Ever feel tiny? Like everyone and everything else in the world is, by comparison, huge and powerful and towering and you can’t begin to compare, let alone compete? Have you let yourself be measured in comparison with anyone or anything else? Yeah, me too.
But isn’t it worthwhile to break out of that miniscule self-containment somehow? Isn’t the most valid measure of my worth found more truly in what I do as my best self, in what I become over time by growing into a finer and grander version of me? What you see is what you get–for now. And then I plan on continuing my progress as well as I can manage, for as long as I live. That’s all I can promise. With one little [ahem] caveat: I know that the best defense against seeing myself as inadequate to any task is the blessed ignorance of my true inadequacy. So I promise as a small [ahem] part of the larger issue that I will do my best to forget that there is such a thing as the improbable, let alone the impossible, and just get on with living my life, however insignificant it may seem likely to be. [Come on along.]
Category Archives: Aging
I’m No Coward
Would that I had the blithe wit and urbane persona of a Noël Coward, but alas, I operate on a lower and more plebeian plane. And for those who are keeping score, yes, I am a big chicken, if that’s what you were reading in today’s title. Still and all, I think of myself as being less than hideously fearful when it comes to self-exposure as an artist.

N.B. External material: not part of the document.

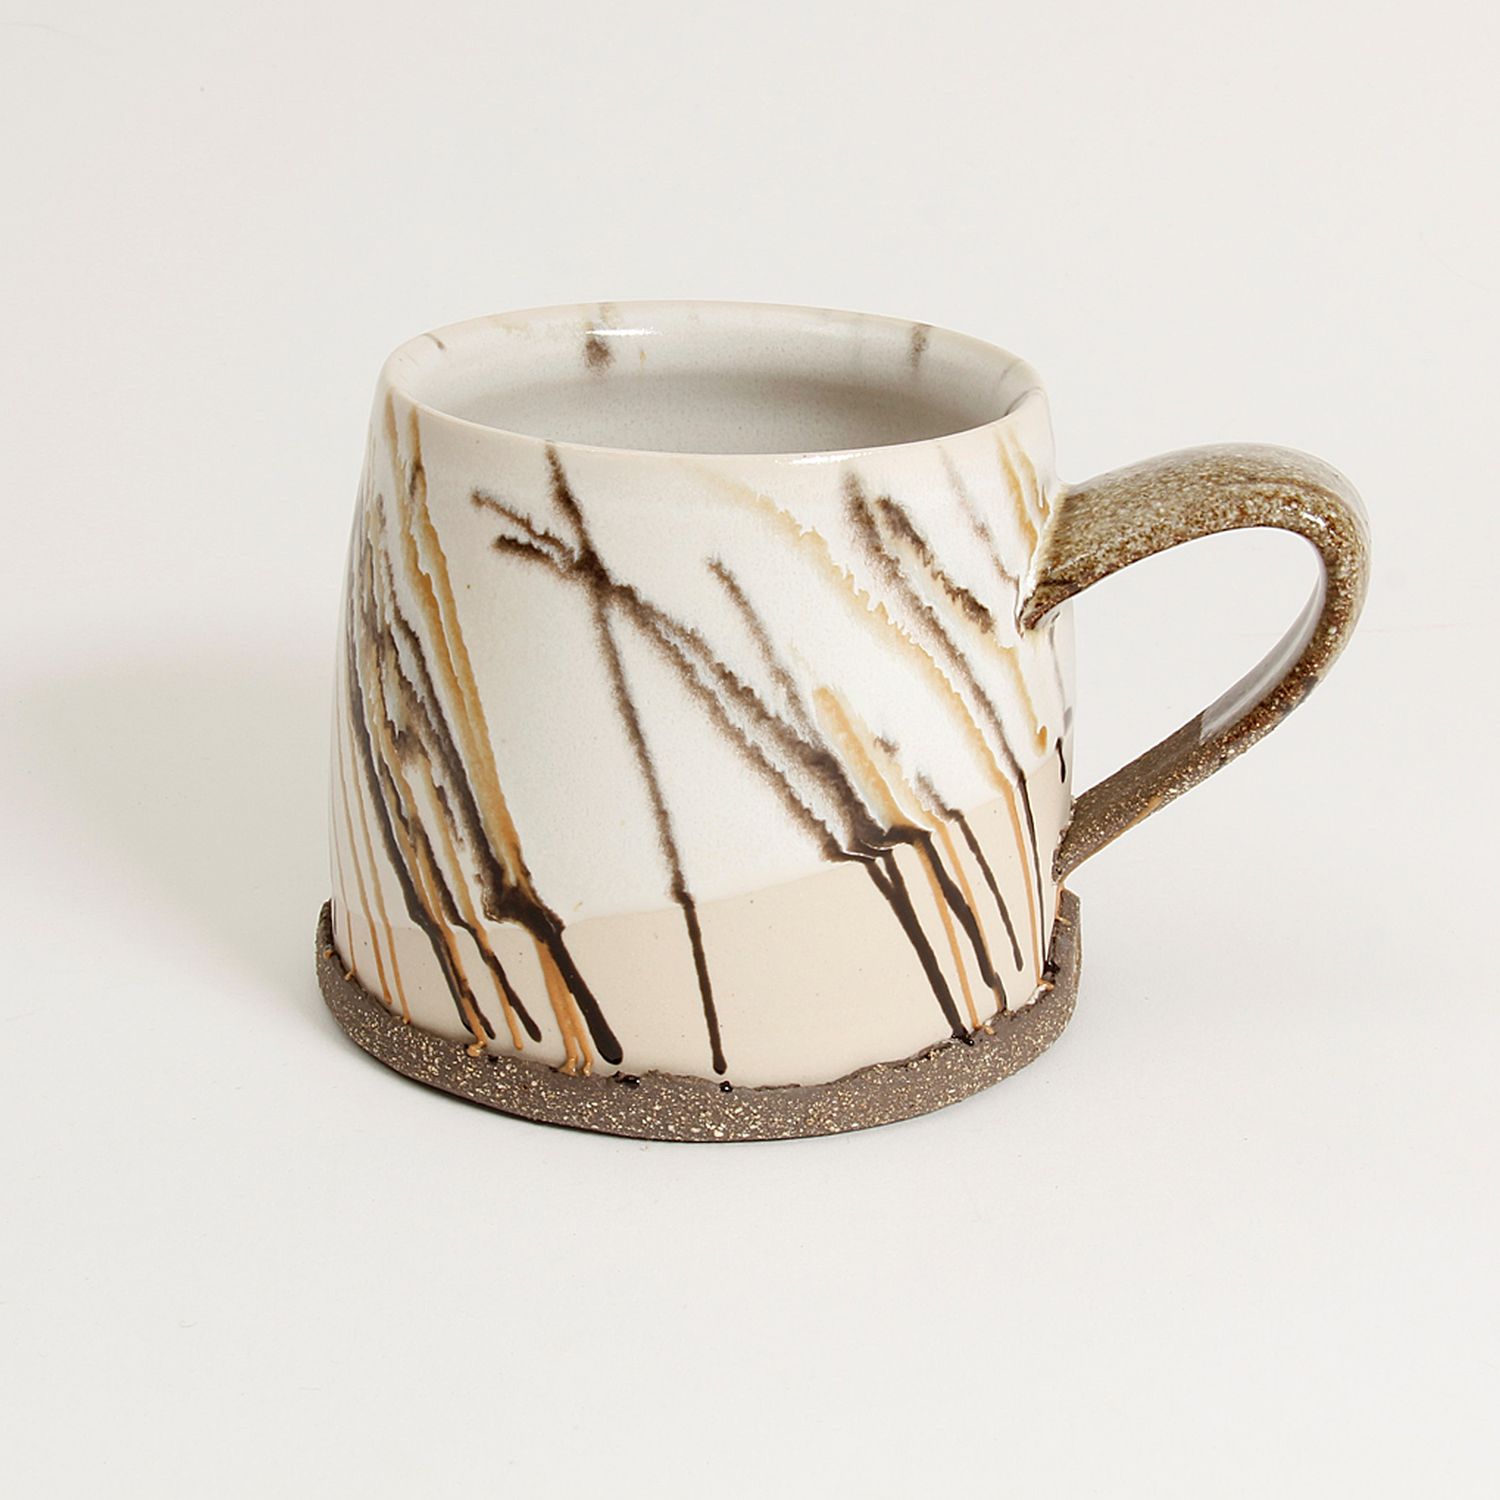 Gracia Isabel Gomez: “Cafe con Leche” White Chocolate Mug Product Image 1 of 7

Though the upshot of all this may be that my audiences become unwitting consumers of drivel and bilge at least part of the time, I also remind myself that there is some credible evidence, historically speaking, that the greatest masters of the many forms of art are represented in the present age only by those portions of their respective oeuvres that they or others chose to retain. Long have I wished that I might gain access to, if you will, the Rubbish Bins of the Old Masters to see something more accurately representing the whole of the bodies of work that led to the known and treasured glories. So here I am, letting all and sundry look into the underwear drawer of my art closet, so to speak. After all, I think that I’m merely admitting to what my betters may have left to the imagination.
So I’ll keep showing off process and behind-the-curtain action from time to time, knowing as I do that not only are folk wonderfully gracious and patient with me even when critiquing but also , and more importantly, that I appreciate those of my fellow artists who are willing to share the same access to their gifts with me. We all have our weaknesses. But when it comes to showing off my work, I’m no coward.
The Waiting Game
Life as we know it in the present day is characterized as a hurry-up-and-wait proposition. We tend to bemoan the pressures at both ends of the spectrum with something like a sense of martyrdom, thinking this push-pull unique to our era. But it’s always been so. One only has to study a smidgen of history to recognize the same complexities of speed and sluggishness, and note the same anxiety regarding both, in our predecessors.
Now, I’ve never been pregnant or had a child of my own, but I have it on reliable authority that that process is rife with opportunity to experience the perfect distillation of both forms of anxiety. I can say, from my years of babysitting and cousin-watching and then a couple of decades of teaching, that regardless of the legal or moral or biological relationship, the ties we have with those younger than ourselves bring out such parental fears, anticipation, dread and excitement with greater intensity than pretty much any other kind of connection can do. Terror and hope will always intermingle in the heart if we have any concern for the young, filling the stasis of Waiting from the moment of their first cellular appearance and well beyond into full adulthood.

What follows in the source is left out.